● PROMPT
All of the data must be output exactly, with every picture left out.

● THE DATA
=== Begin Enclosure ===
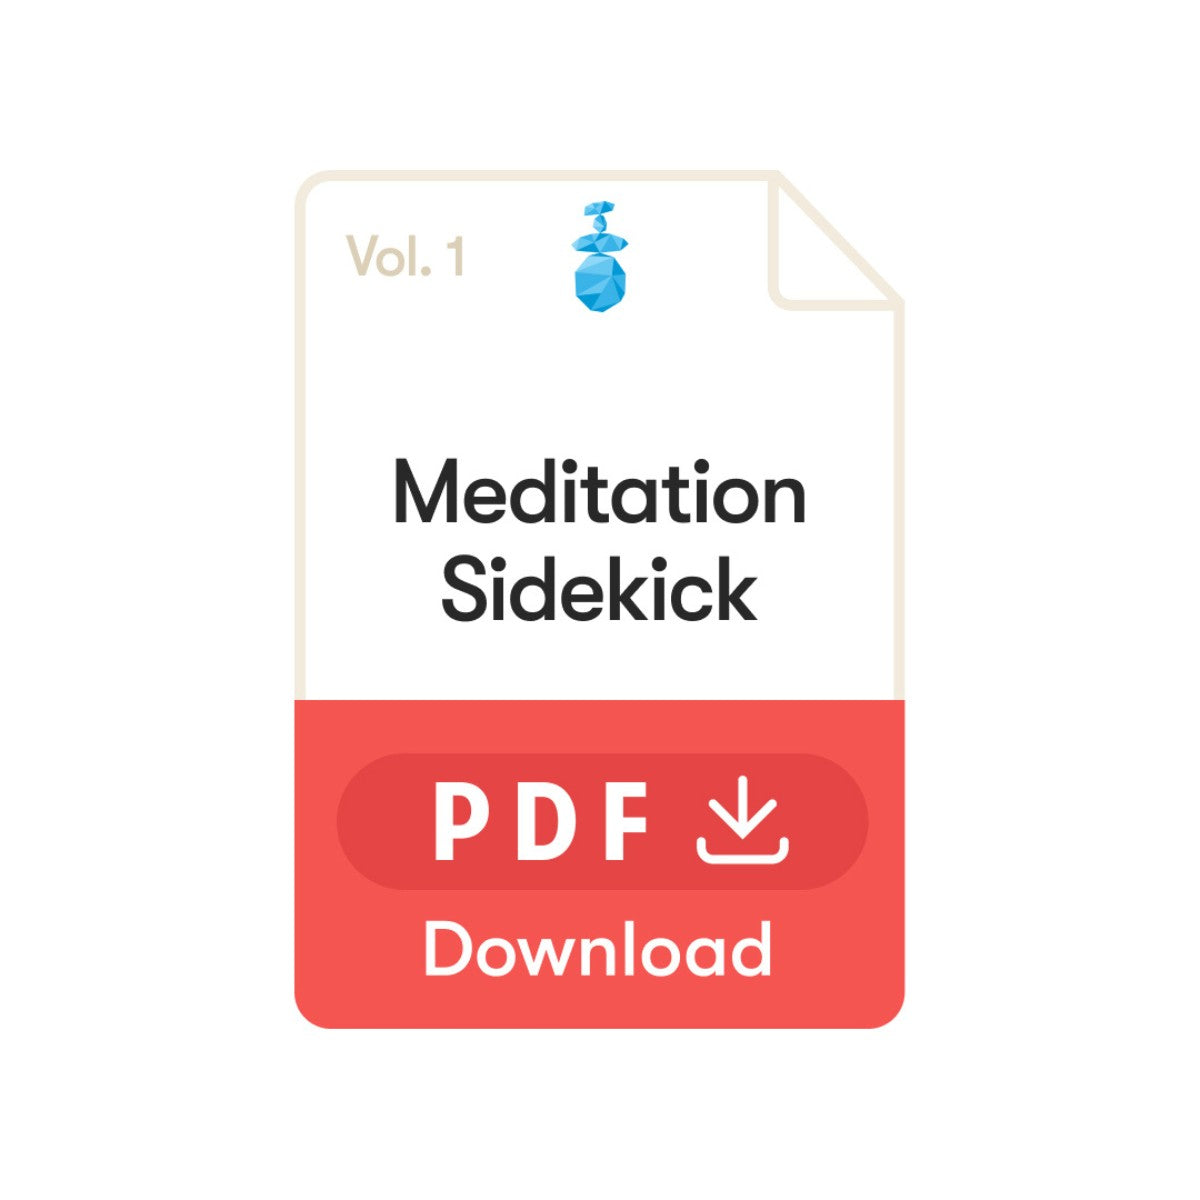 Meditation Sidekick Journal
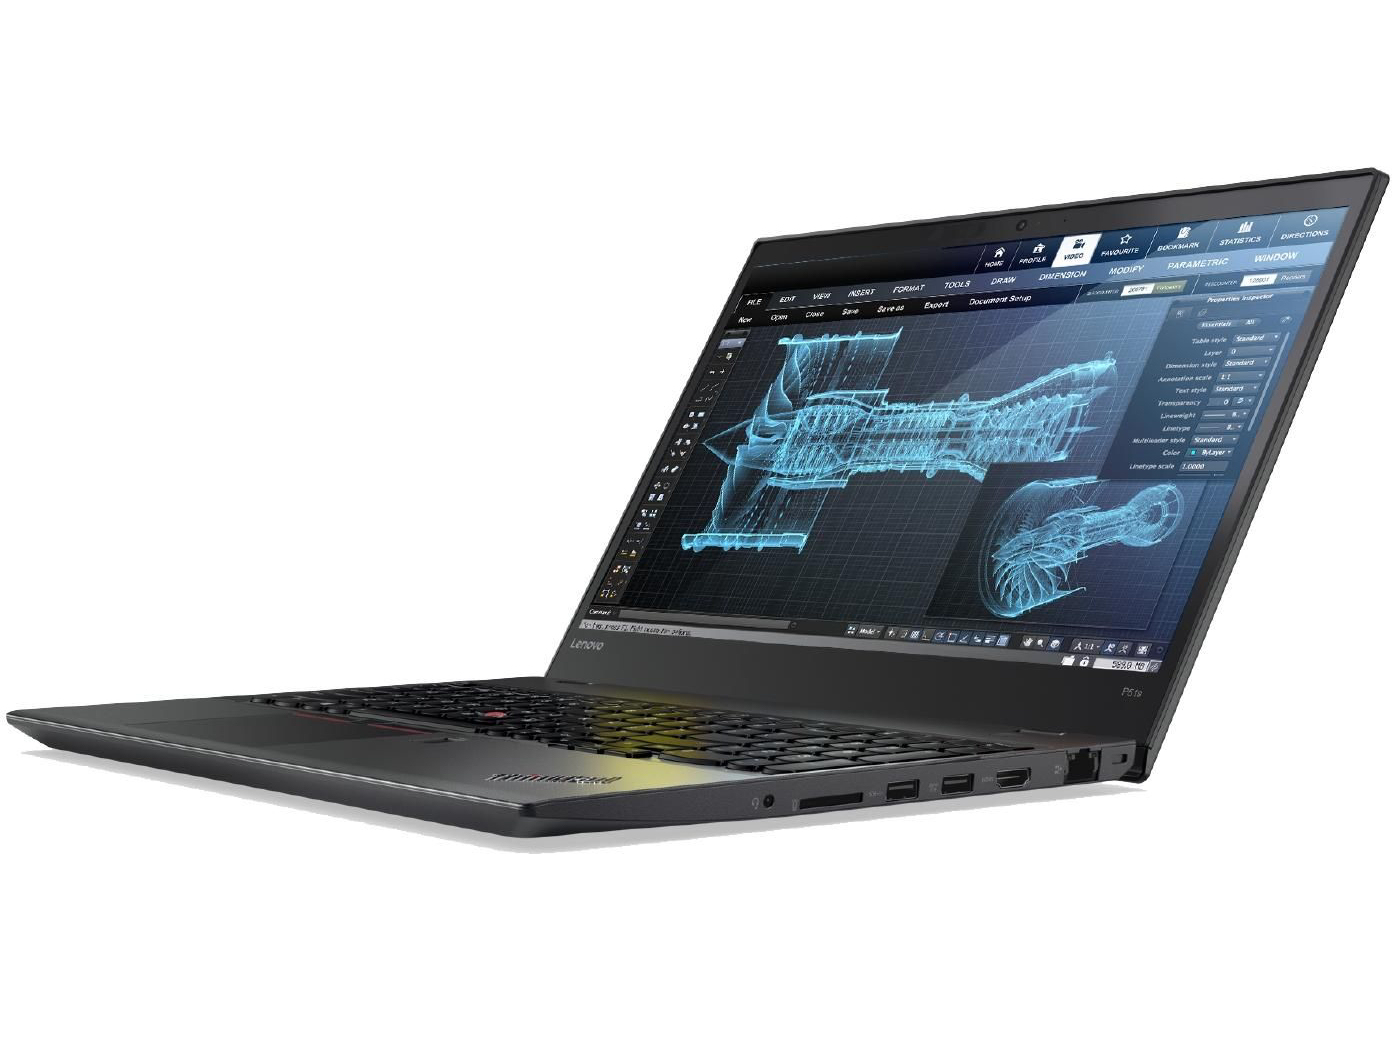 Lenovo ThinkPad P51s (Core i7, 4K) Workstation Review - NotebookCheck.net  Reviews
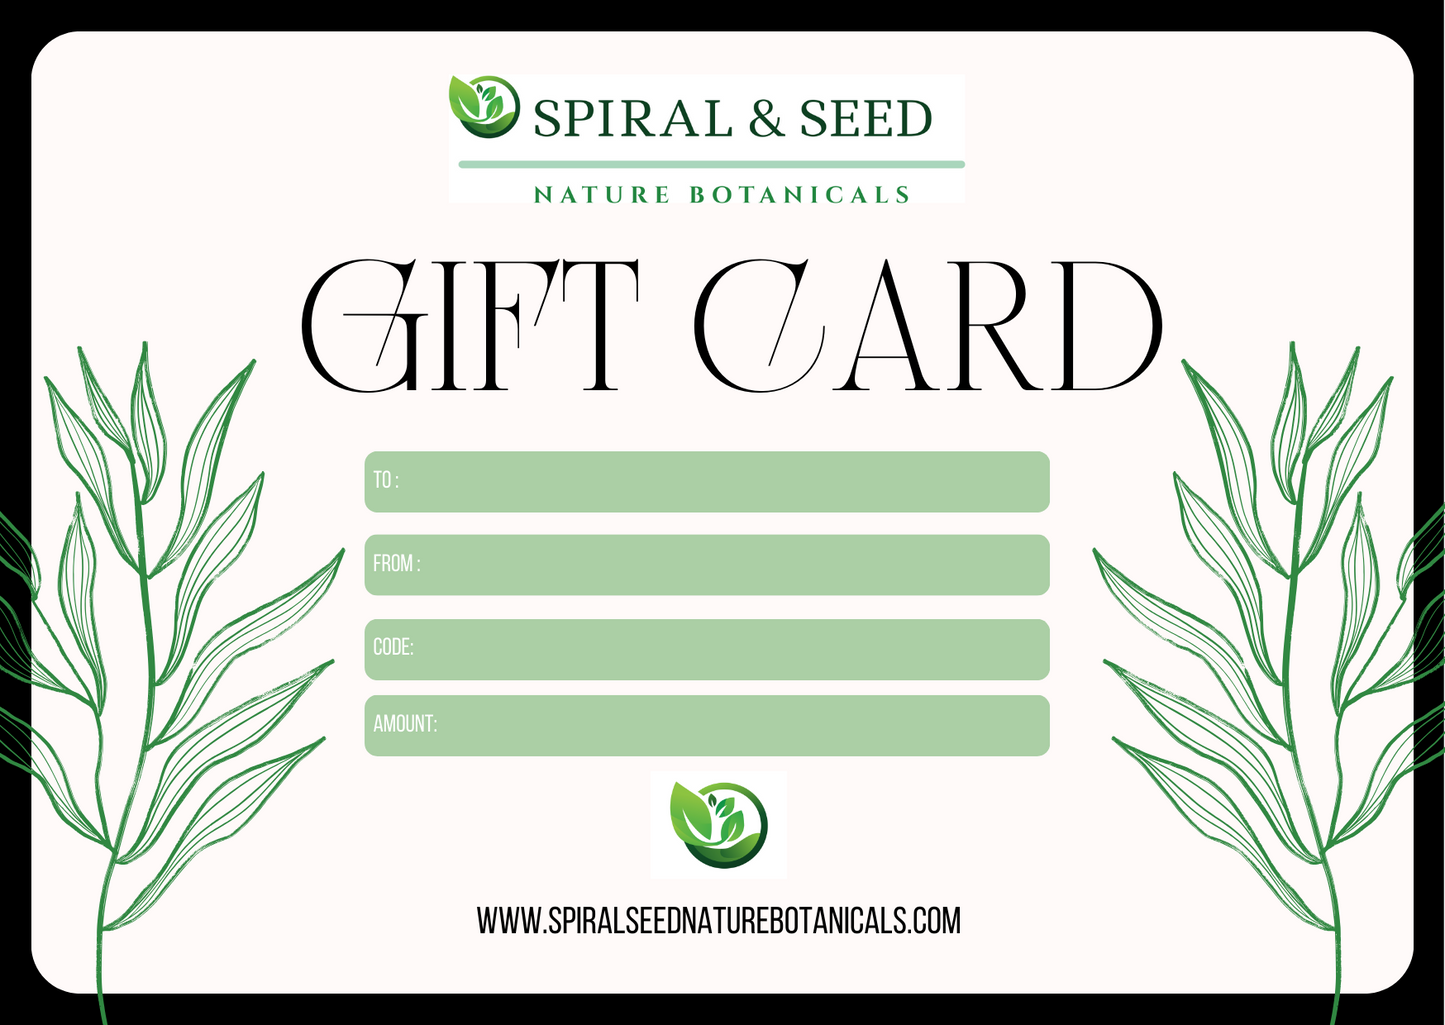 Spiral & Seed Nature Botanicals Gift Card
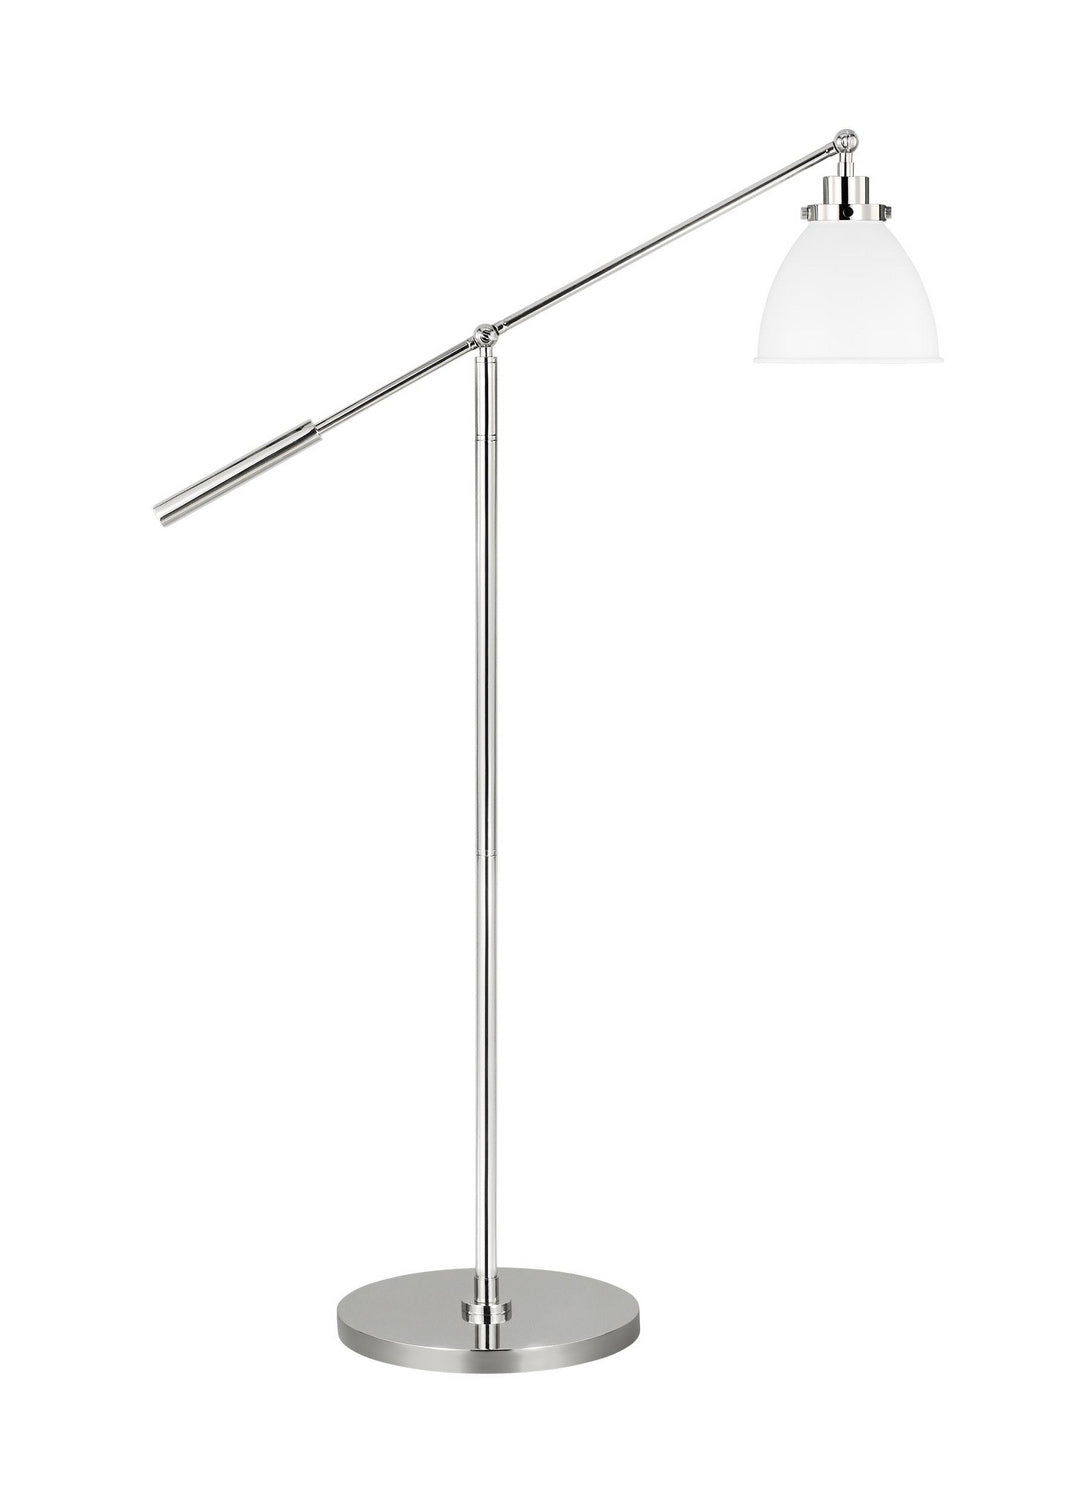 Visual Comfort Studio Canada - One Light Floor Lamp - Wellfleet - Matte White and Polished Nickel- Union Lighting Luminaires Decor
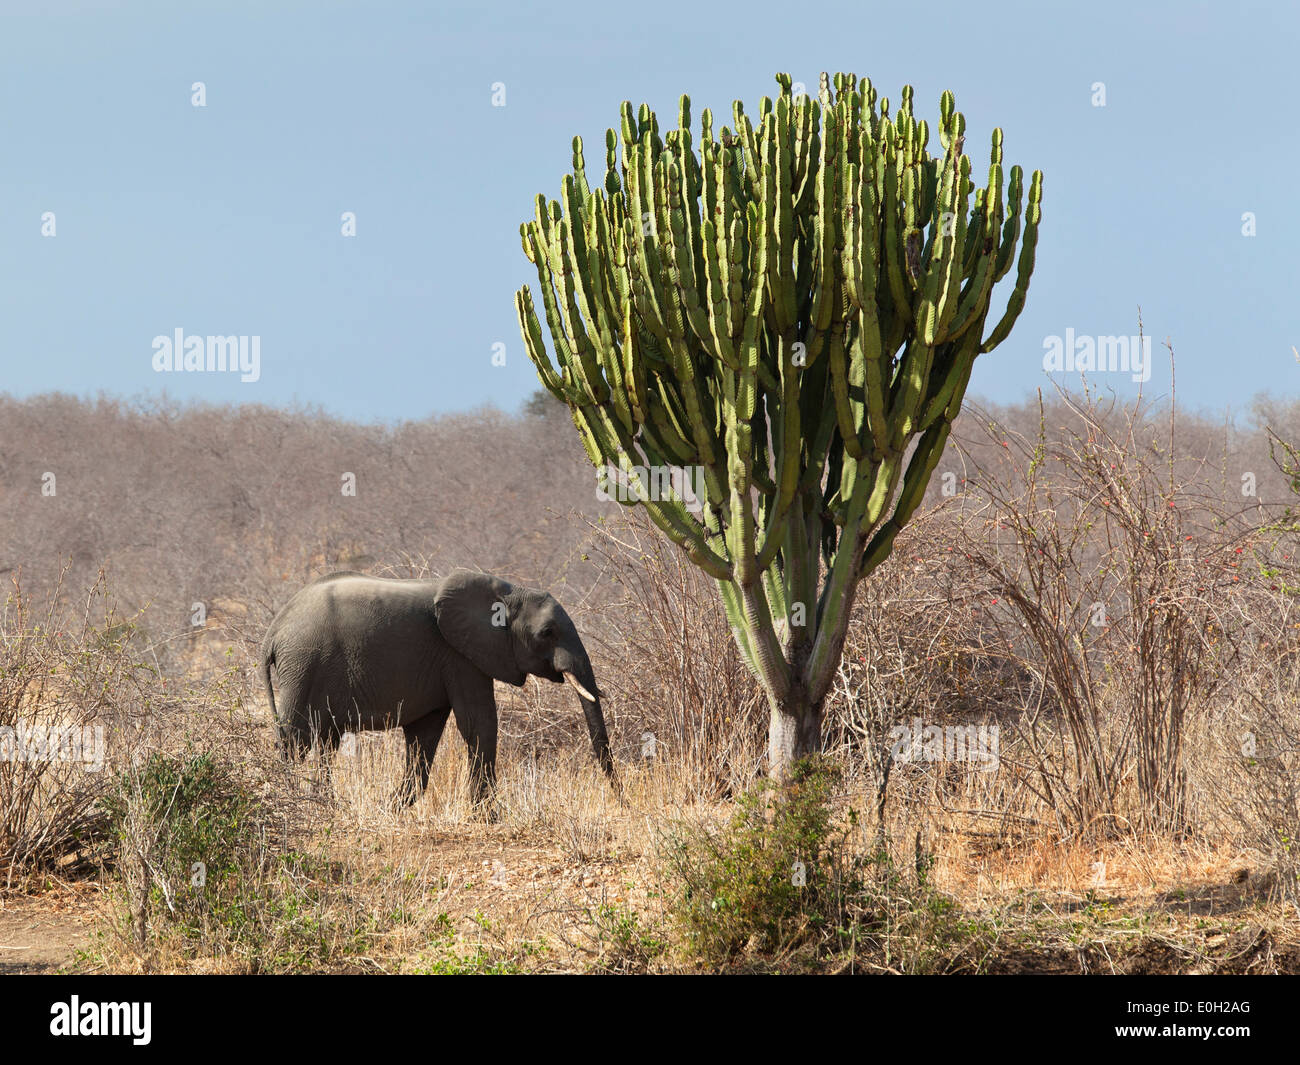 African Elephant, Loxodonta africana and euphorbia, Euphorbia candelabrum, Ruaha National Park, Tanzania, East Africa, Africa Stock Photo
=== End Enclosure ===
● PROBLEM SOLUTION
 Meditation Sidekick Journal
 Lenovo ThinkPad P51s (Core i7, 4K) Workstation Review - NotebookCheck.net  Reviews
 Spiral & Seed Nature Botanicals Gift Card
 Visual Comfort Studio Canada - One Light Floor Lamp - Wellfleet - Matte White and Polished Nickel- Union Lighting Luminaires Decor
 African Elephant, Loxodonta africana and euphorbia, Euphorbia candelabrum, Ruaha National Park, Tanzania, East Africa, Africa Stock Photo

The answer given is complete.